De regels van deze paraplu-bestemmingsplannen zijn voor zover relevant vertaald in onderliggend bestemmingsplan.

1.4 Wettelijk kader

Het wettelijk kader van een bestemmingsplan is de Wet ruimtelijke ordening (hierna Wro) en het Besluit ruimtelijke ordening (hierna Bro).

Wet ruimtelijke ordening (Wro)

De Wro schrijft voor dat de gemeenteraad "voor het gehele grondgebied van de gemeente een of meer bestemmingsplannen vaststelt, waarbij ten behoeve van een goede ruimtelijke ordening de bestemming van de in dat plan begrepen grond wordt aangewezen en met het oog op die bestemming regels worden gegeven".

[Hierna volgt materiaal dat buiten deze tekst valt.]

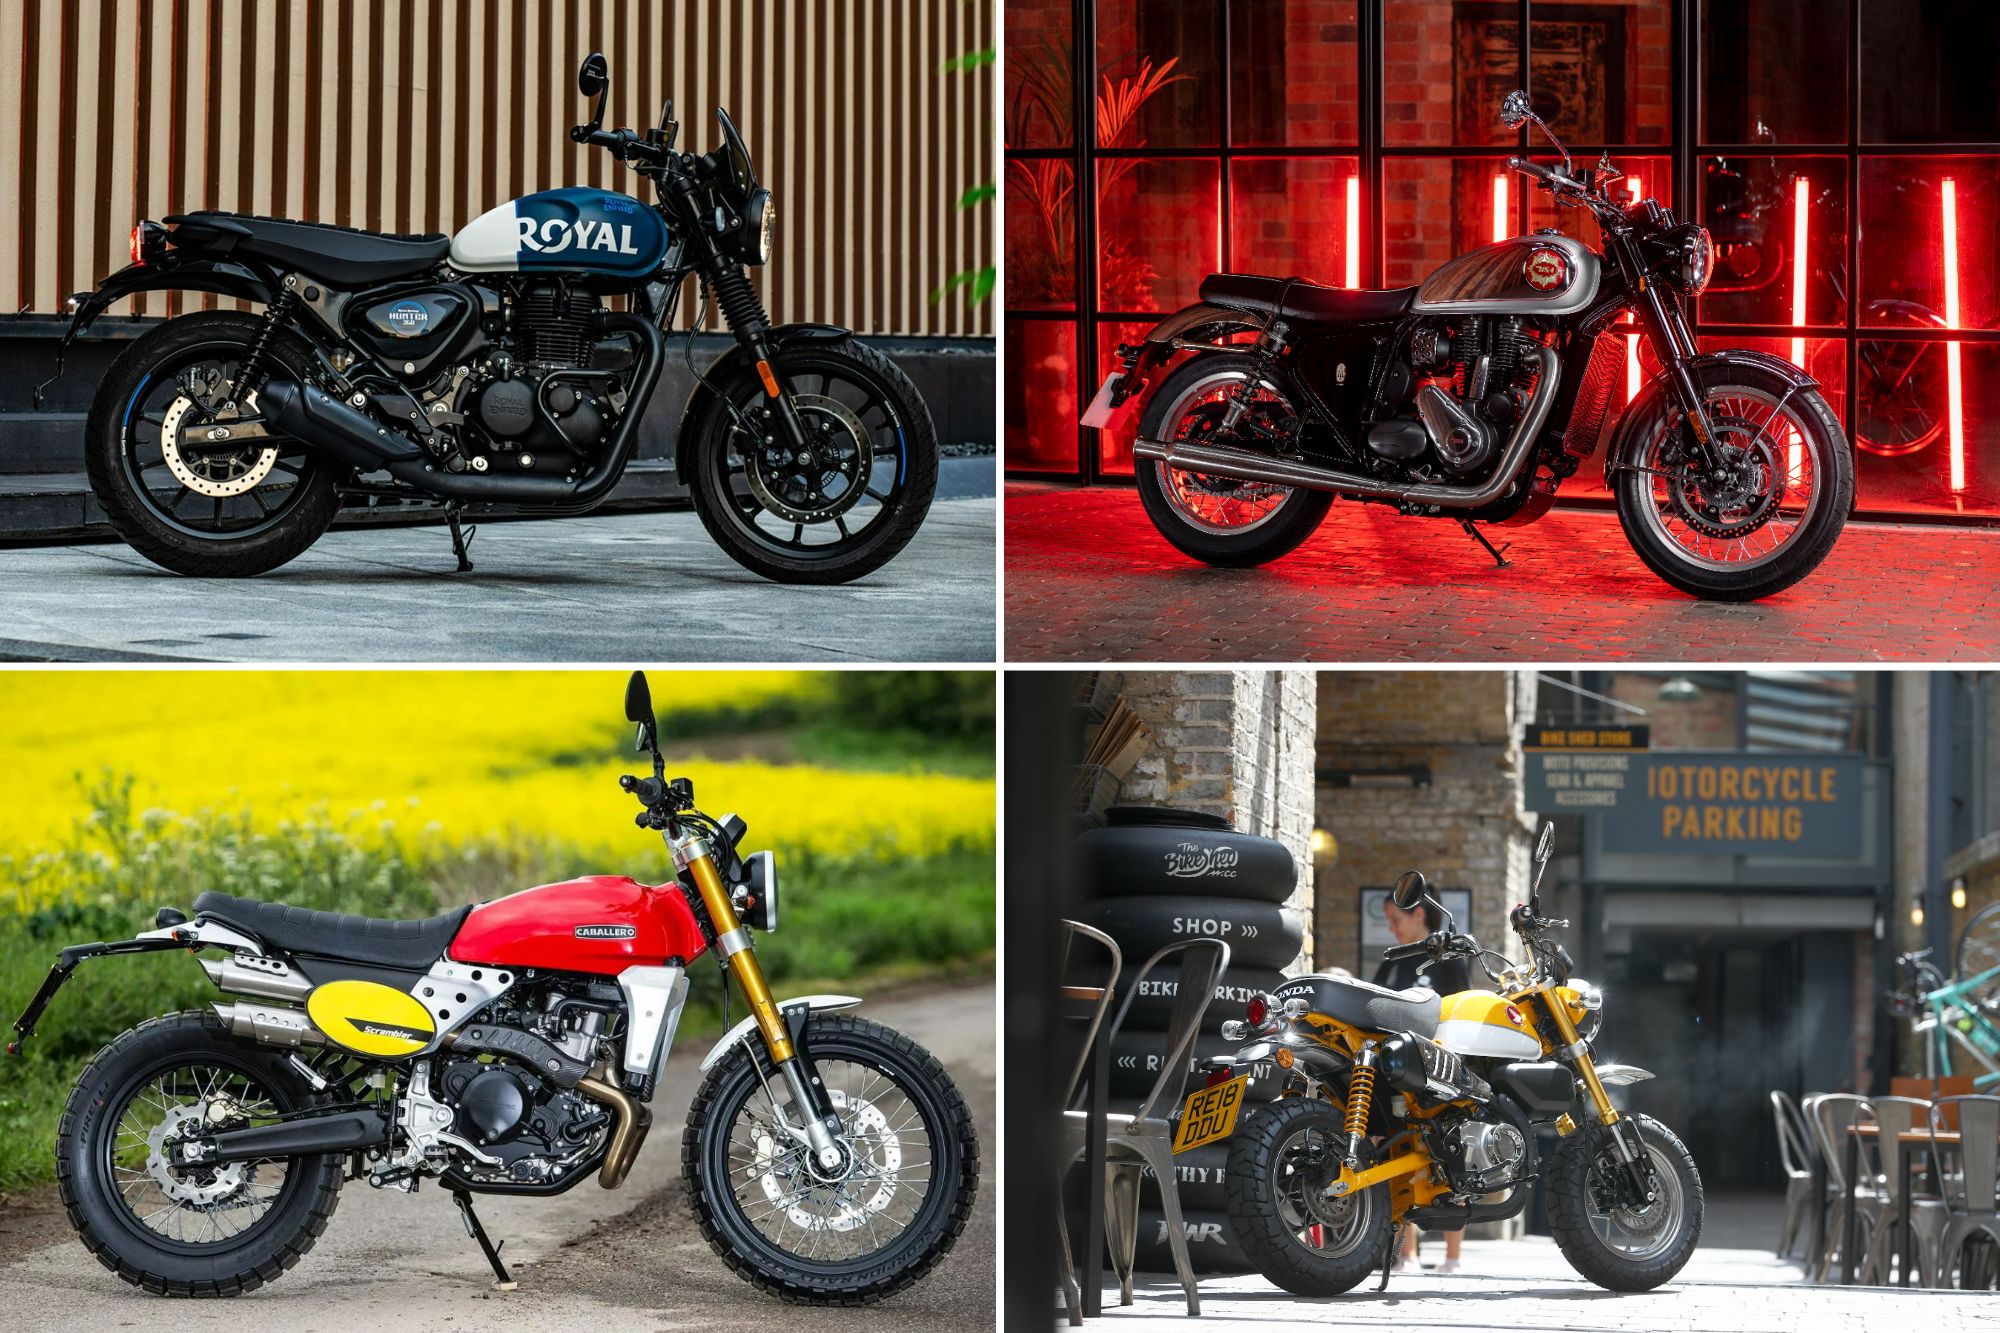 Motorcycle experts have picked the best retro bikes you can buy new for under £8,000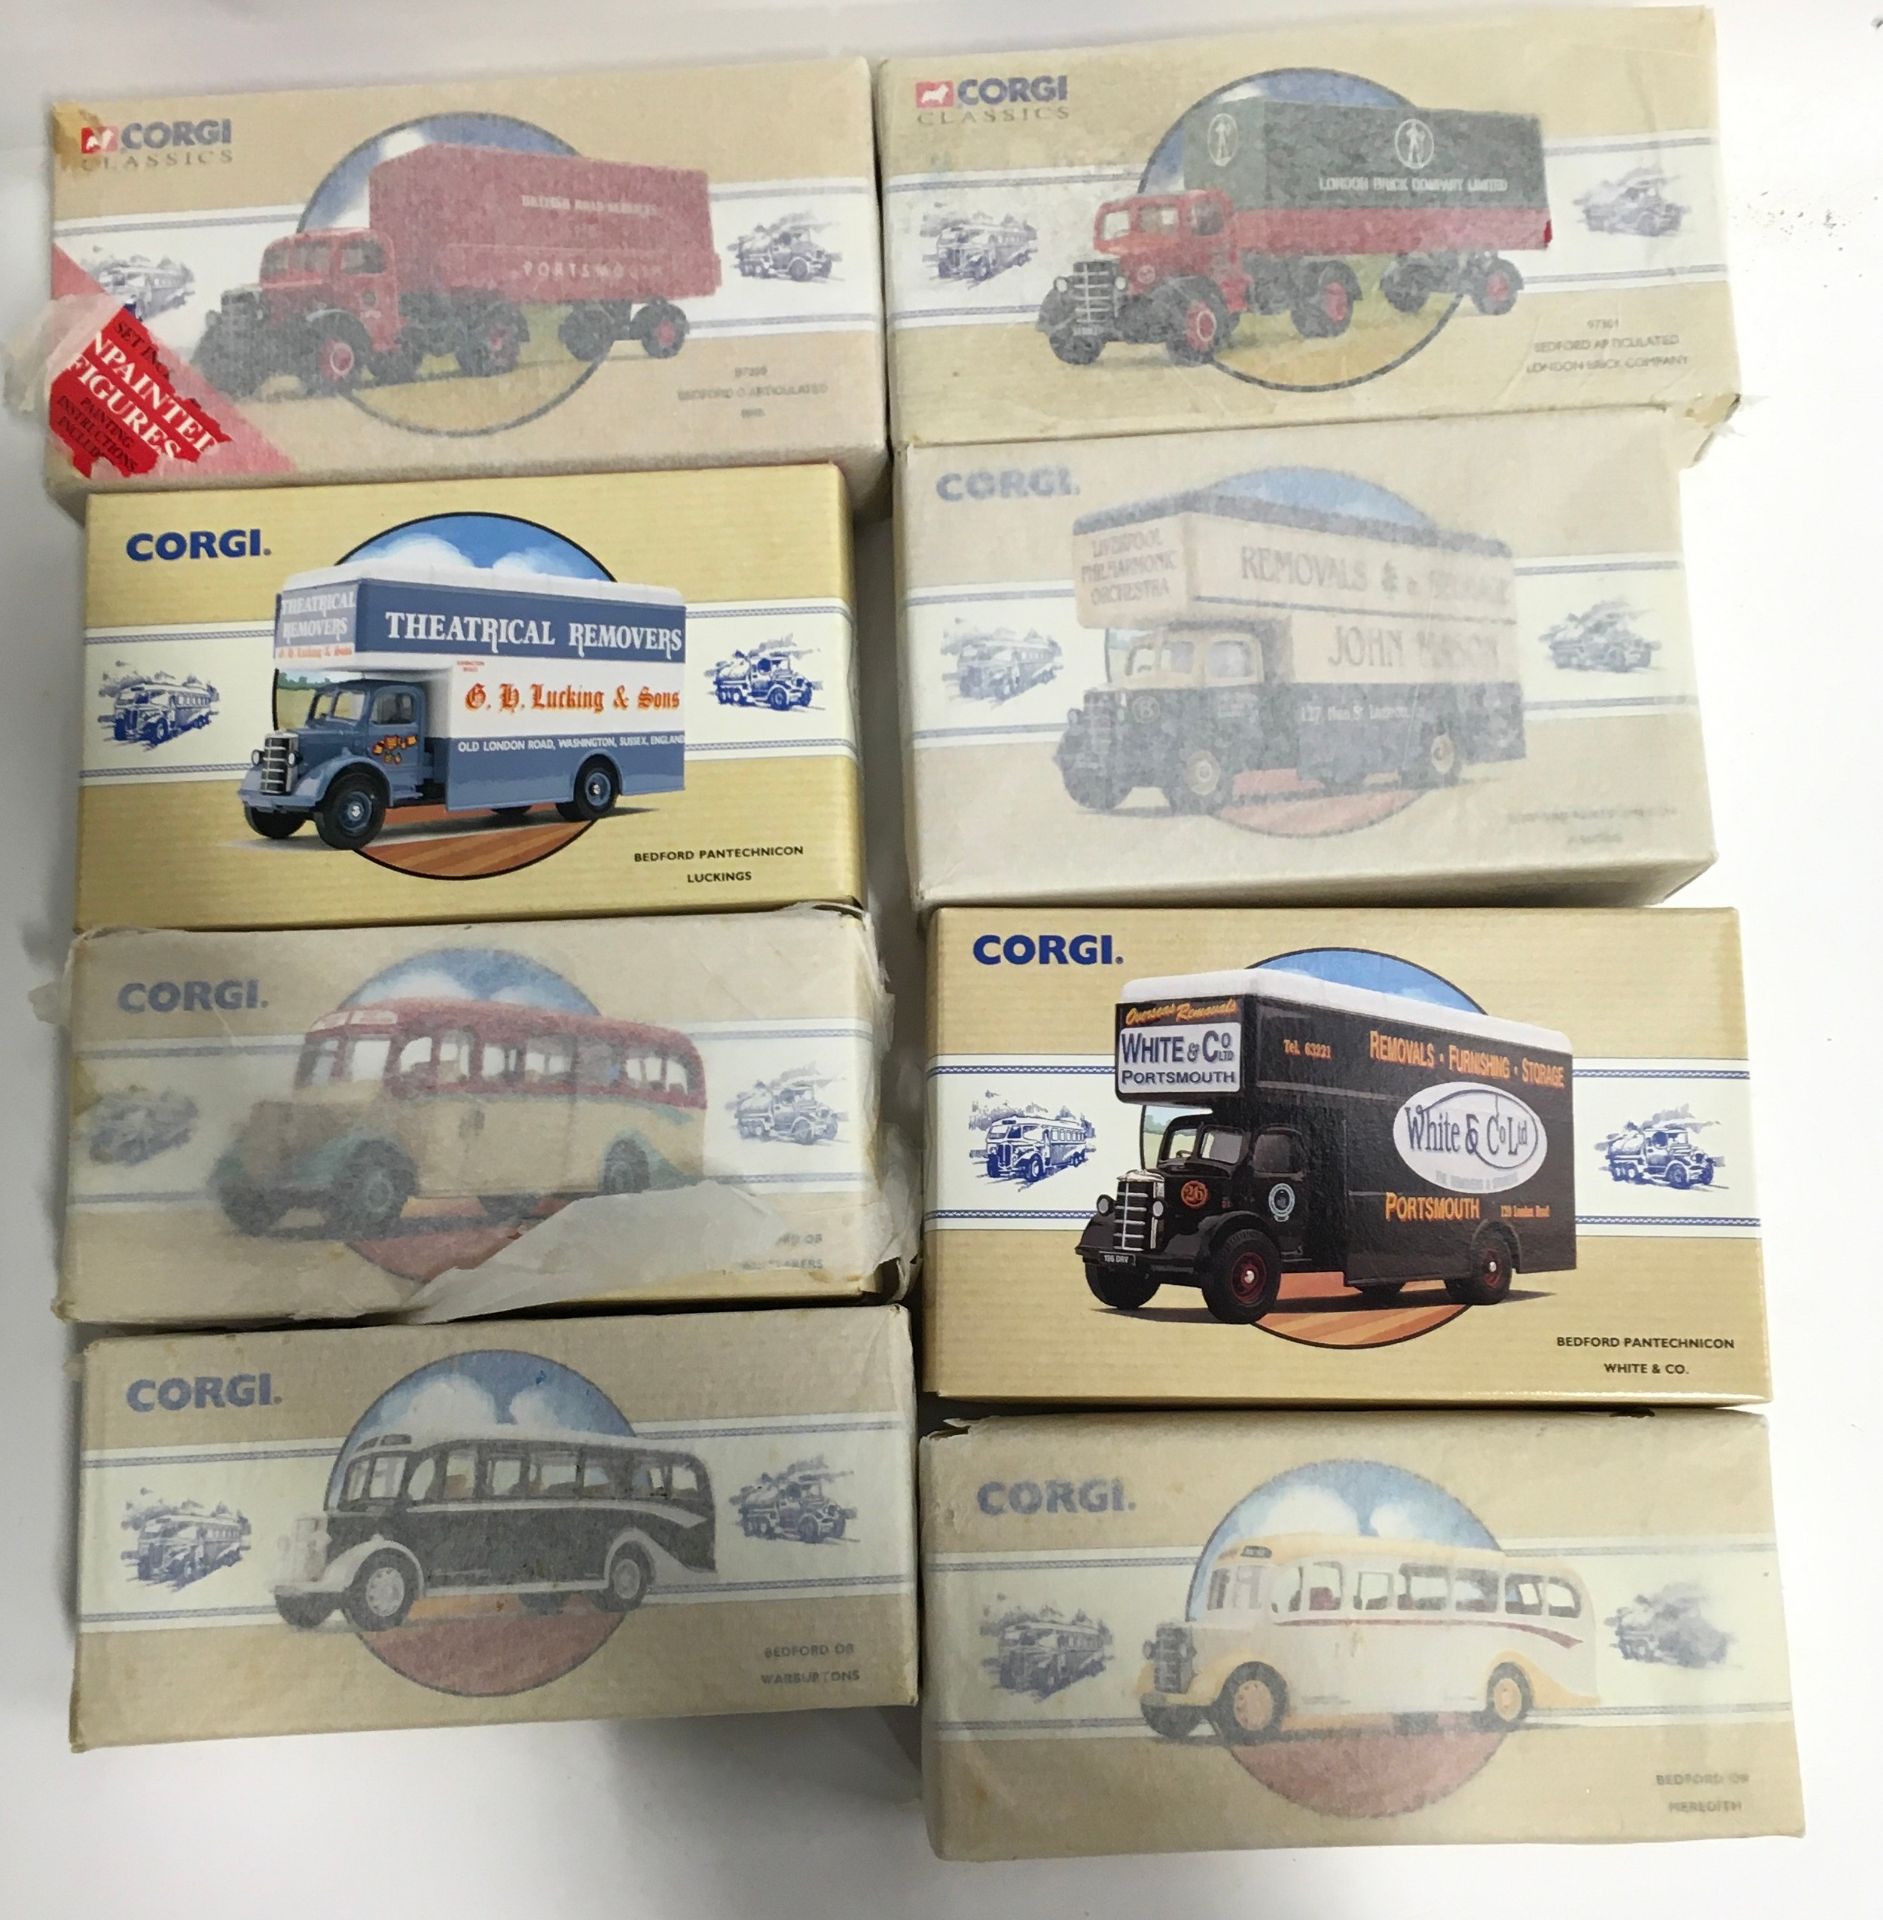 Corgi Classic Commercial group of models to include 97091 Bedford Pantechnicon Luckings, 97113

Besluit ruimtelijke ordening (Bro)

In het Bro is geregeld hoe een bestemmingsplan en andere ruimtelijke plannen er uit moeten zien, wat vastgelegd moet worden en wat meegewogen moet worden (artikelen 3.1.2 t/m 3.1.7 en artikelen 3.2.1 t/m 3.2.4 Bro). In artikel 3.1.6 van het Bro is bepaald dat elk bestemmingsplan vergezeld gaat van een toelichting. In de toelichting moet worden vermeld wat de uitkomsten zijn van onderzoeken over ecologie/flora/fauna, hoe het is gesteld met de waterhuishouding, of de Wet milieubeheer van toepassing is voor bijvoorbeeld een Milieu Effect Rapport (MER), of sprake is van archeologische/cultuurhistorische waarden, welke milieukwaliteitseisen wat betreft lucht, bodem, geluid bij het plan betrokken zijn en welk beleid van gemeente, provincie en Rijk een rol speelt.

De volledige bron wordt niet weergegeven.